# Mega Amps and/or Guitar Research Amps - reviews



## nordlav (May 11, 2007)

Hi, I'm looking at getting a practice amp and came across some positive, but limited reviews of products from these two amp companies. I'm wondering if any forum members have any Mega or Guitar Research amps in their gear and if so, what are your impressions? Also, if anyone can point me to a Canadian distributor of these amps I would appreciate it. I can't find a website for Guitar Research, but here is a link to Mega amps website. I'm considering the PT30R under their "Tube" amps, but I can't seem to find any local retailers for these amps. My local shops carry Vox Pathfinder and Orange Crush series practice amps, which are my top choices after some demos. I like to play classic rock and blues. 
Thanks,

Mega Amps:
http://www.megaamps.com/index2.htm


----------



## zdogma (Mar 21, 2006)

nordlav said:


> Hi, I'm looking at getting a practice amp and came across some positive, but limited reviews of products from these two amp companies. I'm wondering if any forum members have any Mega or Guitar Research amps in their gear and if so, what are your impressions? Also, if anyone can point me to a Canadian distributor of these amps I would appreciate it. I can't find a website for Guitar Research, but here is a link to Mega amps website. I'm considering the PT30R under their "Tube" amps, but I can't seem to find any local retailers for these amps. My local shops carry Vox Pathfinder and Orange Crush series practice amps, which are my top choices after some demos. I like to play classic rock and blues.
> Thanks,
> 
> Mega Amps:
> http://www.megaamps.com/index2.htm


How are things in Riverview? Is the Petitcodiac still muddy?

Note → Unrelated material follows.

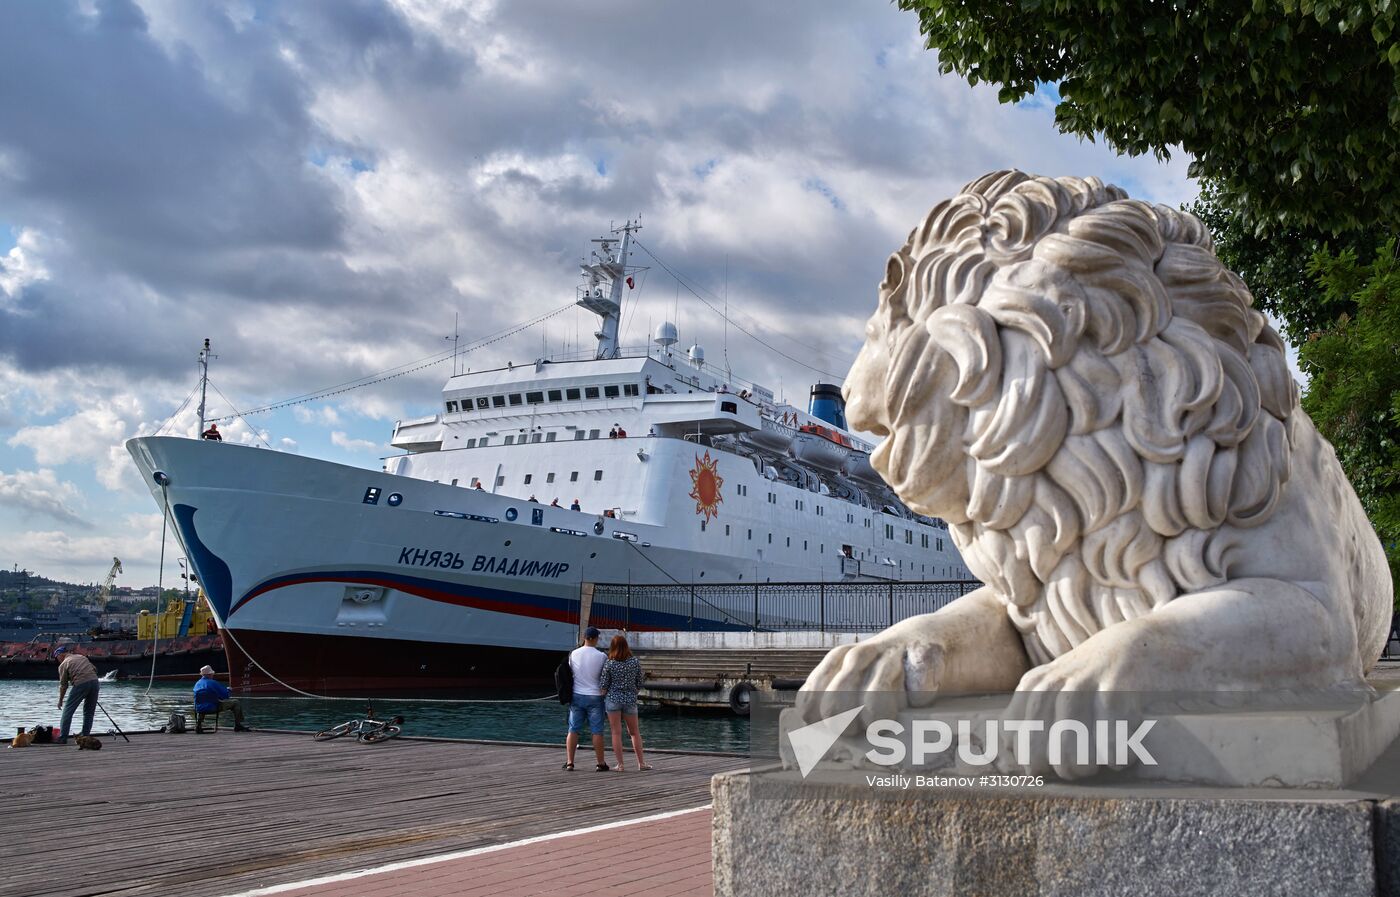 Prince Vladimir cruise liner arrives in Sevastopol
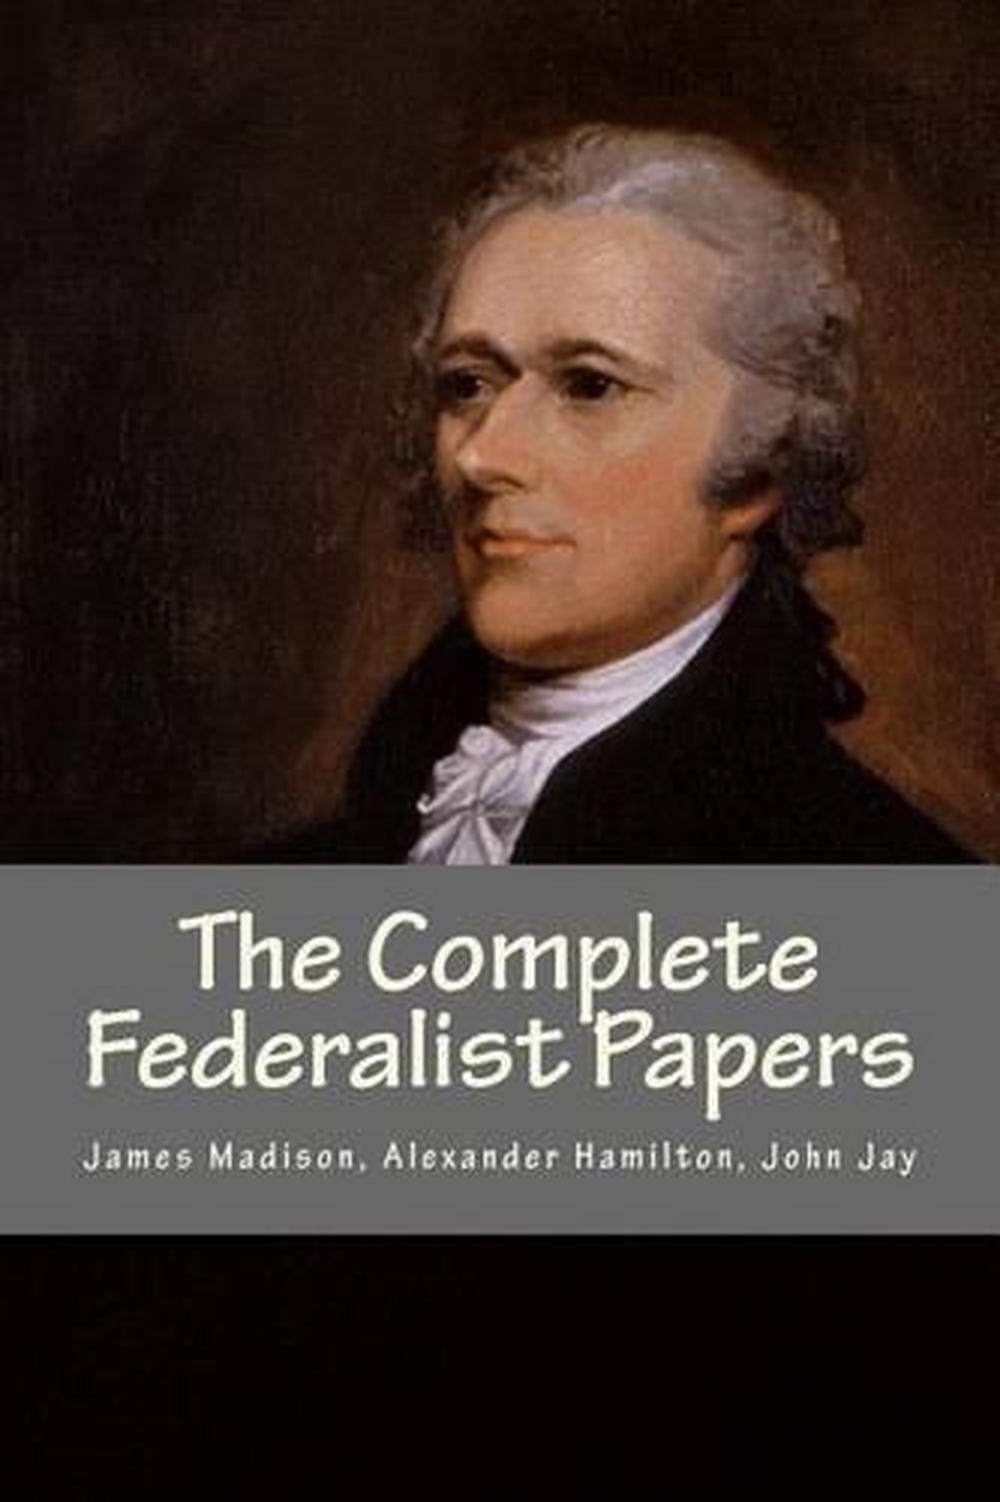 federalist paper writers

I'd go with the vox or the Orange. Tube preamp sections in practice amps don't add much IMO, and who knows what kind of service you'll get. 

How much do you want to spend? The epi valve jr is a decent tube practice amp for 199 and it is all tube.


----------



## Michelle (Aug 21, 2006)

Awesome! Another NB-er. Welcome Nordlav. Was gonna suggest the Epi too as zdogma did, cool little amps and there are mods that can be done to them.

If you do yard-sales, keep your eye out for an old Traynor, I saw one at the big Sussex flea market last year along with a Garnet and a Gibson.


----------



## Budda (May 29, 2007)

vox or orange over here as well.

or a peavey, if you can try out a Rage 158


----------



## nordlav (May 11, 2007)

Thanks for your replies. Yeah, Petitcodiac still downtown and brown. Michelle, I see you're also a fellow southpaw! That's a lot of lefty gear! I considered the Epi Valve Jr., but want a few more features, such as reverb. I'm looking at the Vox and Orange options either 15 or 30 watts, so I'm not looking to spend big coin right now. The Mega Amp came into the picture because it's 30 watts and cheap, lol. I'm looking at a used one for around $85.00. 

Thanks


----------



## Budda (May 29, 2007)

but why buy 30W and cheap if it's not going to sound that good?


----------



## noobcake (Mar 8, 2006)

Yeah, my friend use to have some little mega practice amp and it was well...decent for practice, but the tone wasn't very inspiring. A small Vox, Roland Cube or Orange Crush amp would be a much better choice in the long run.


----------



## nordlav (May 11, 2007)

Thanks for the input. I really like the tone of those little Crush amps, especially the 30R. I see LA Music has them for $229 with free shipping. I'd like to get one from a local shop, but they're almost $100 more.
Thanks


----------



## Budda (May 29, 2007)

ask them to price match, or throw in some stuff, or just bring it down a bit.

actually, i lie. if you have heard one at your local shop and like it, then why not order online? you already know what you're getting, you're just saving money.


----------



## GuitaristZ (Jan 26, 2007)

+1 for epi valve junior


----------